When k = 1, the results are not too interesting; but when k = 2, Chebychev’s Theorem says that for any set of numbers at least (1 – ½2) = .75 or 75% of the values must be within 2 standard deviations of the mean. The amazing thing about this theorem is that it applies to any set of numbers. In other words, you cannot make up a set of numbers that would violate this theorem. There are very few things in mathematics that apply universally.

Although Chebychev’s Theorem is remarkable in terms of its scope, we can make even more precise statements if we know something about the shape of the distribution of values. If the distribution of values is symmetrical and bell-shaped, the empirical rule applies.3 The empirical rule states that

If a set of values has a symmetrical bell-shaped distribution then

  • approximately 68% of the values are within 1 standard deviation of the mean
  • approximately 95% of the values are within 2 standard deviations of the mean
  • virtually all of the values are within 3 standard deviations of the mean

Table 4.2 shows some values of K along with the relevant percentages for the empirical rule.

Table 4.2 Percent of Values within K Standard Deviations of the Mean: Empirical Rule
K %
1 68%
2 95%
3 almost 100%

It is apparent that if we know the shape of the distribution, we can make much more precise statements about the distribution of values. In terms of the SAT example earlier, with a mean of 1000 and a standard deviation of 100, the empirical rule would tell us that 68% of the values would be between 900 and 1100, 95% would be between 800 and 1200, and virtually all of them would be between 700 and 1300. As we will see later, two standard deviations and 95% are very important values in the practice of statistics. In fact, they are so commonly accepted that they are even incorporated into civil law.4

Another way to think about Chebychev’s Theorem and the empirical rule is that they tell us the percent of values that should have Z scores in a particular range.
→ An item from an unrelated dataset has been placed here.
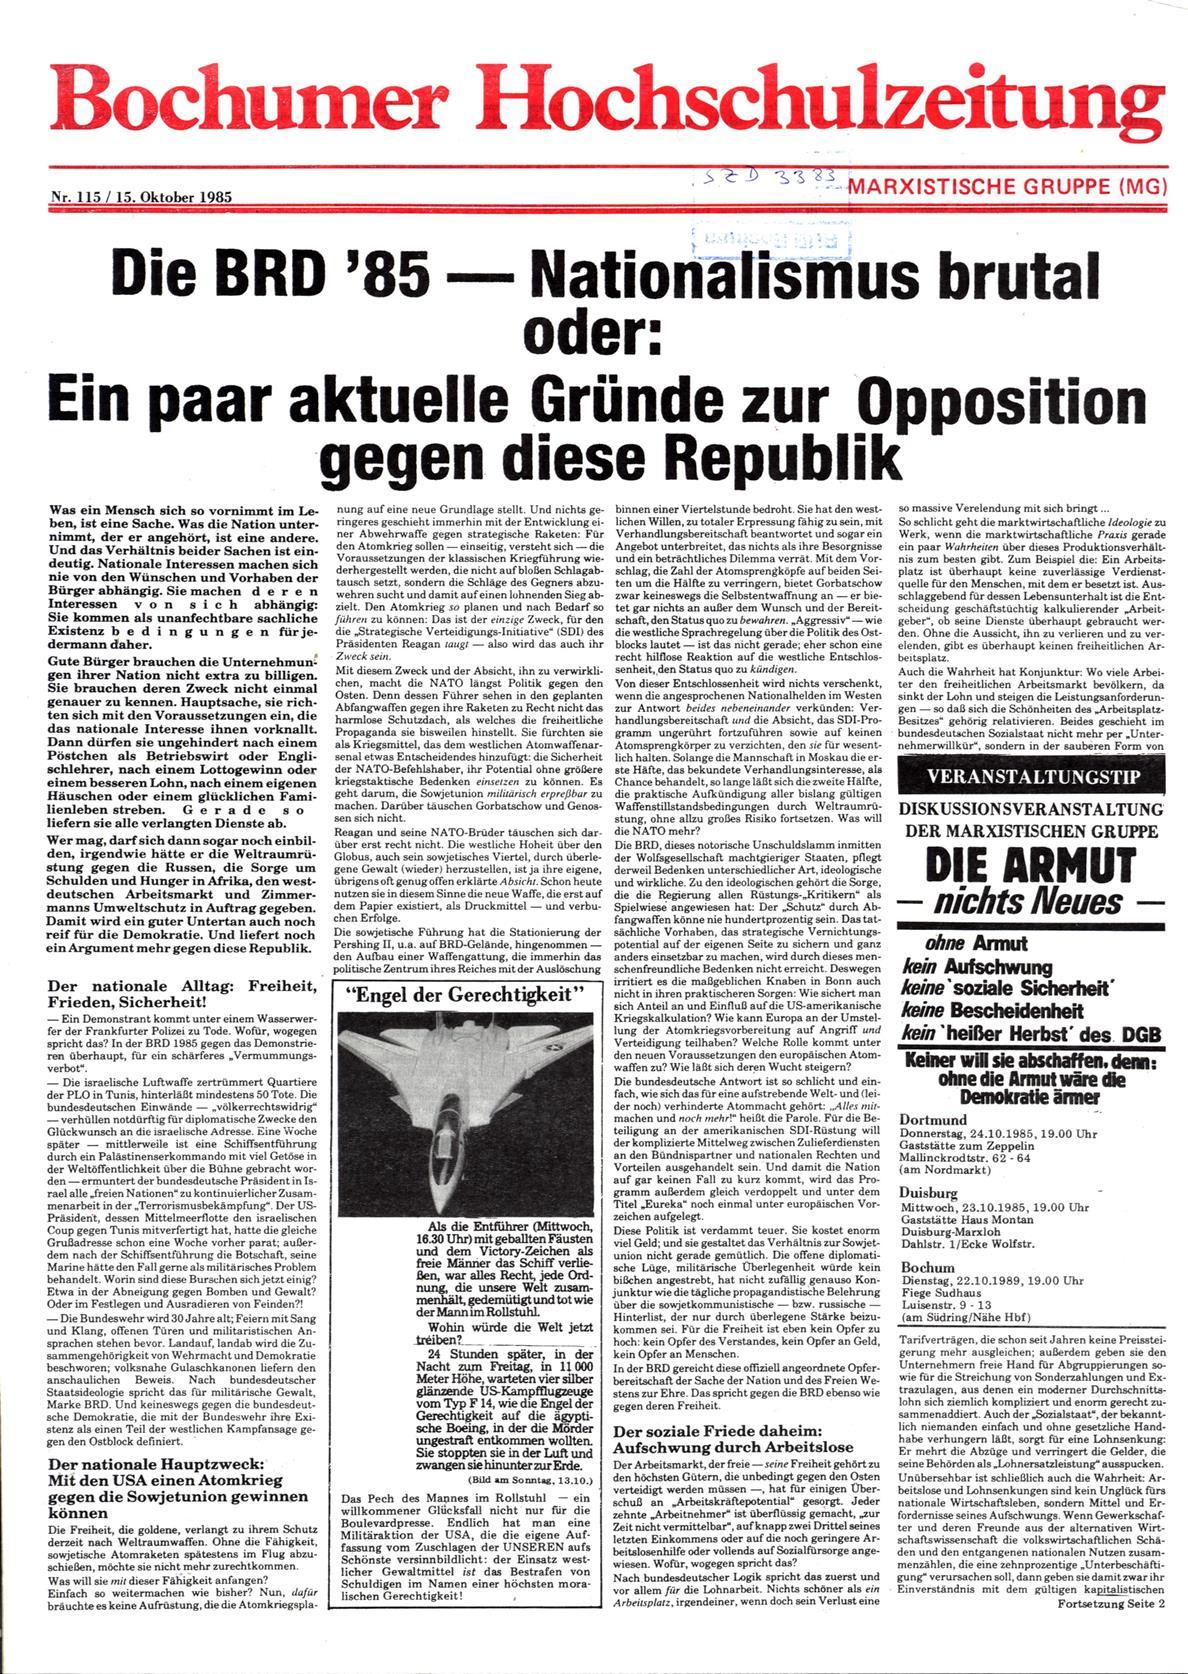 Bochum_BHZ_19851015_115_001
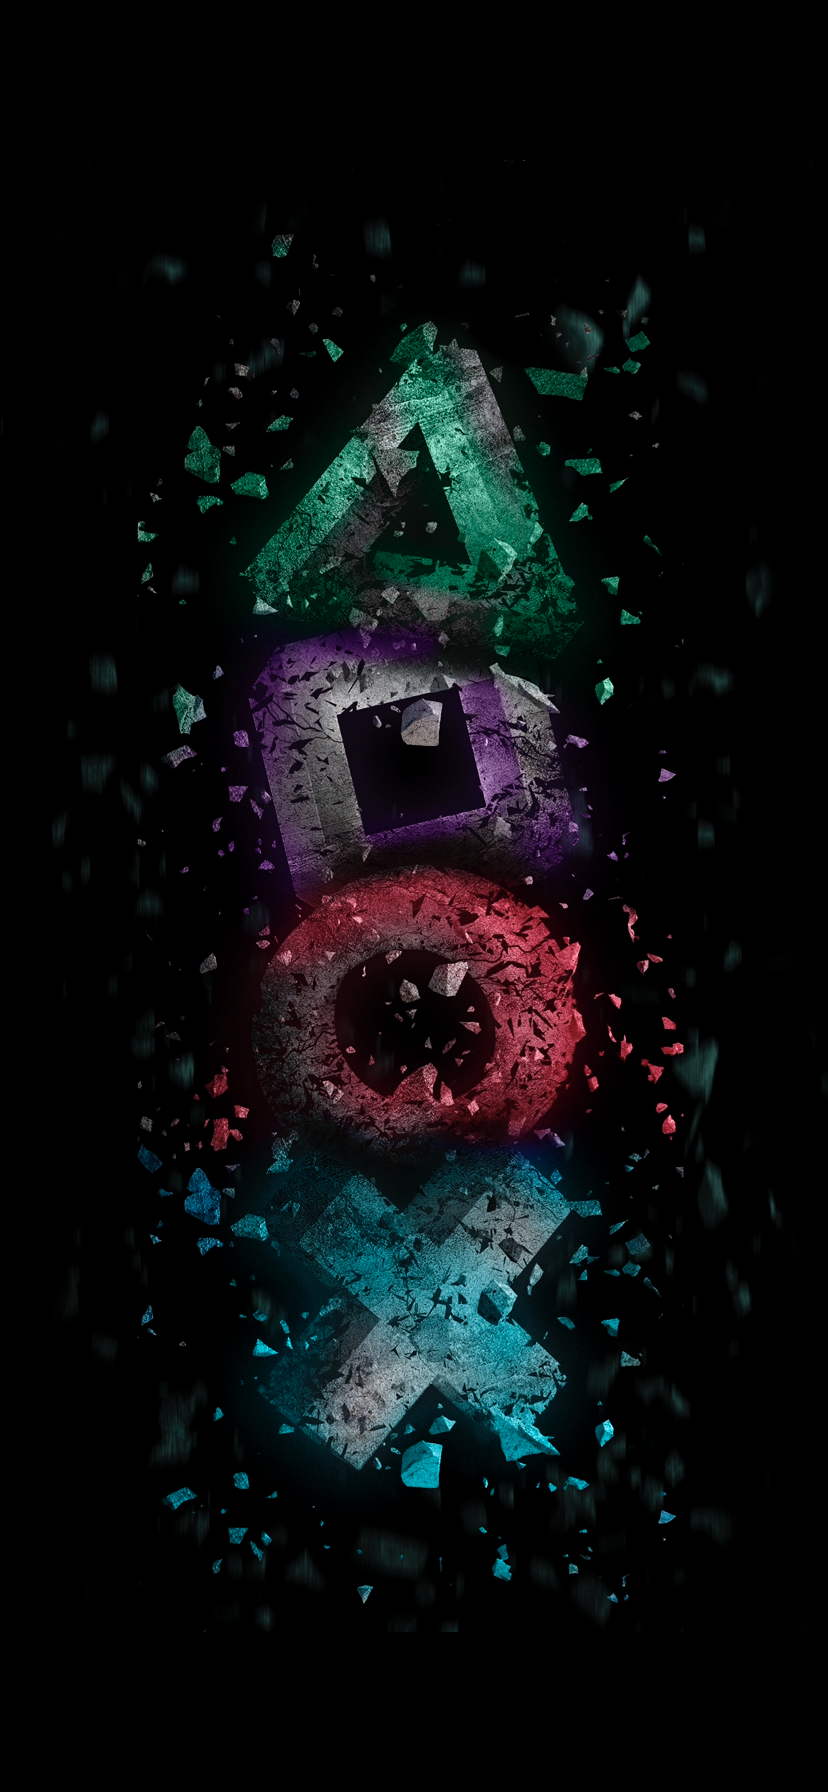 「iPhone wallpaper」おしゃれまとめの人気アイデア|Pinterest|Sarah【2020

For example, the empirical rule says that 68% of the values should have a Z score between -1 and +1, 95% should have a Z value between -2 and +2, and virtually all of them should have Z scores between -3 and +3.

Application to the Customer Survey Data

Betty notes that the mean age of the customers in the survey was 44.16 with a standard deviation of 14.66. This means that 95% of the customers should be between

44.16 – 2(14.66) = 14.84 years   and   44.16 + 2(14.66) = 73.48 years

Similarly, since the mean tenure of the customers in the survey was 9.96 months with a standard deviation of 3.1 months, 95% of the customers should have tenures of between

9.96 – 2(3.1) = 3.76 months   and   9.96 + 2(3.1) = 16.16 months

Identifying Outliers

Earlier, in the context of the outlier box plot, we discussed the concept of outliers, values that are very different from the majority of the data. In the outlier box plot, outliers were identified as values outside the fences around the box defined by the upper and lower quartiles. These fences were defined by 1.5 times the interquartile range. The value 1.5 is not an accident. In a normal distribution, the interquartile range is approximately 1.35 so that 1.35 times 1.5 is 2.025 in terms of Z scores or approximately 2 standard deviations. However, in the box plot, the fence is set at 2 standard deviations above (below) the upper (lower) quartile rather than above (below) the mean. It turns out that this point is very close to 3 standard deviations above the mean. Therefore, the outliers identified by the box plot are also related to the empirical rule.

Additional Moments

Additional summary information can be obtained from the JMP output by selecting the More Moments option from the drop-down menu for the Distribution platform. (See Figure 4.4.) When this option is selected, additional output will be added to the Moments panel. Figure 4.14 illustrates the full output for Age and Tenure. Notice that one of the additional values is the variance that we just discussed above.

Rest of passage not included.